Change of self can be brought on in many forms, and when you're in a committed relationship, the change happens (or is supposed to happen) simultaneously. I'm a different person now that I'm married and have kids. It's hard for me to pin-point the exact ways in which I'm different, but I know I've changed. My husband (who used to be laid back and completely care free) has totally changed now that he's a father- he's very protective of his little ducklings and is a very active father- always doing, questioning and caring for them. This is a good thing- although sometimes even though I understand it's a good thing, I get defensive. "I'm the mom, I know what I'm doing." Like when he gets irritated if I fall asleep at night while nursing Ella, or when he reads a parenting baby book cover to cover and suddenly is the expert on feeding and night-time routines. In the moment, I may roll my eyes, I may chuckle, or slightly make fun of him, but in the back of my mind, and later when I'm reflecting on the day's activities, I'm thankful. Thankful that he's there, helping, caring, and doing. Instead if letting me do it all. Because, I'd be a nut without him. (Have you met my two year old? Yes? Good. Then you know what I mean!)

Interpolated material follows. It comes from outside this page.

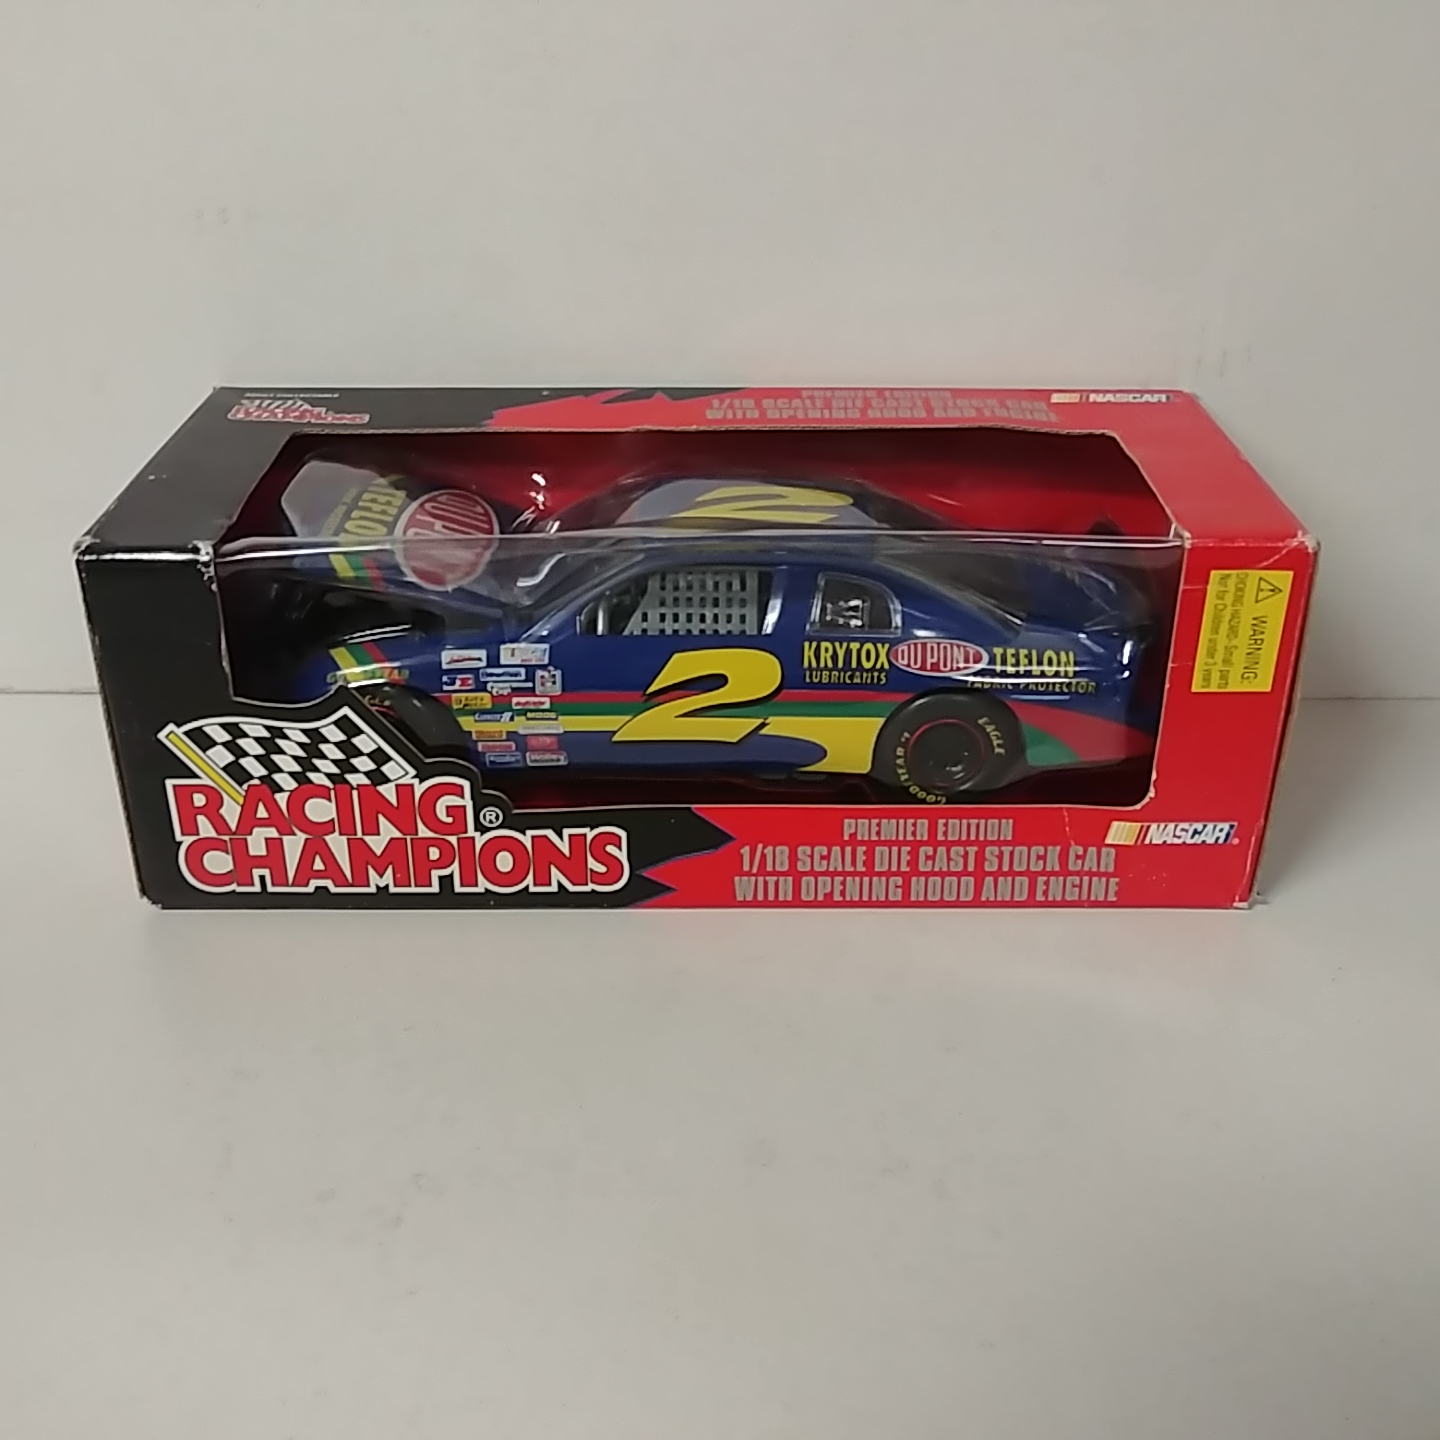 1996 Ricky Craven 1/18th Dupont "Busch Series" car

When a person gets married, they date, so they are able to "test the waters" to see what type of spouse the other person would be. What's amazing, is, that if they're planning on having kids, there is no "testing the waters" to see what type of parent that person will turn out to be. So, in a way, they're taking a chance. There is no way to know.
I know I'm not an easy one to live with, but my husband knew this going into it.... I give my husband hell a lot the time for various things, depending on what I've decided to harp on that day, whether it be house chores, organization, or letting Camden wear his "good" shoes to school. His favorite phrase is "It's always something." Yes. It's always something. Because I strive for perfection and I'm very controlling. It's in my blood. I knew all of Joe's quirks going into it... he's a little disorganized at times and usually can't find his shoes or his wallet (the two must-haves for going somewhere...lol) ... but I knew that and that was all fine and dandy with me because he accepts my flaws, and Lord knows I'm pretty flawed when it comes to fussing about any and everything! And yet, as parents, we have changed so much, and have grown to be a really great team. As a father, I have seen Joe transform into this completely amazing person- even more amazing than he was before. Seeing him be a great father is much better than just being a great husband, way more wonderful than that.
It's amazing how the father's roles have changed over the past 50 years. They have slowly, gradually, become more a part of the home, playing a more active role IN the home, and I'd venture to say that Joe and I do most everything 50/50 now that we have two kids. Seriously, the only thing that Joe does NOT do is nurse Ella- and that's because he doesn't have the "tools". All other things, he can handle, sometimes, doing them better than even I do them, and when he does, I have to swallow my pride, let go of the control, and be thankful.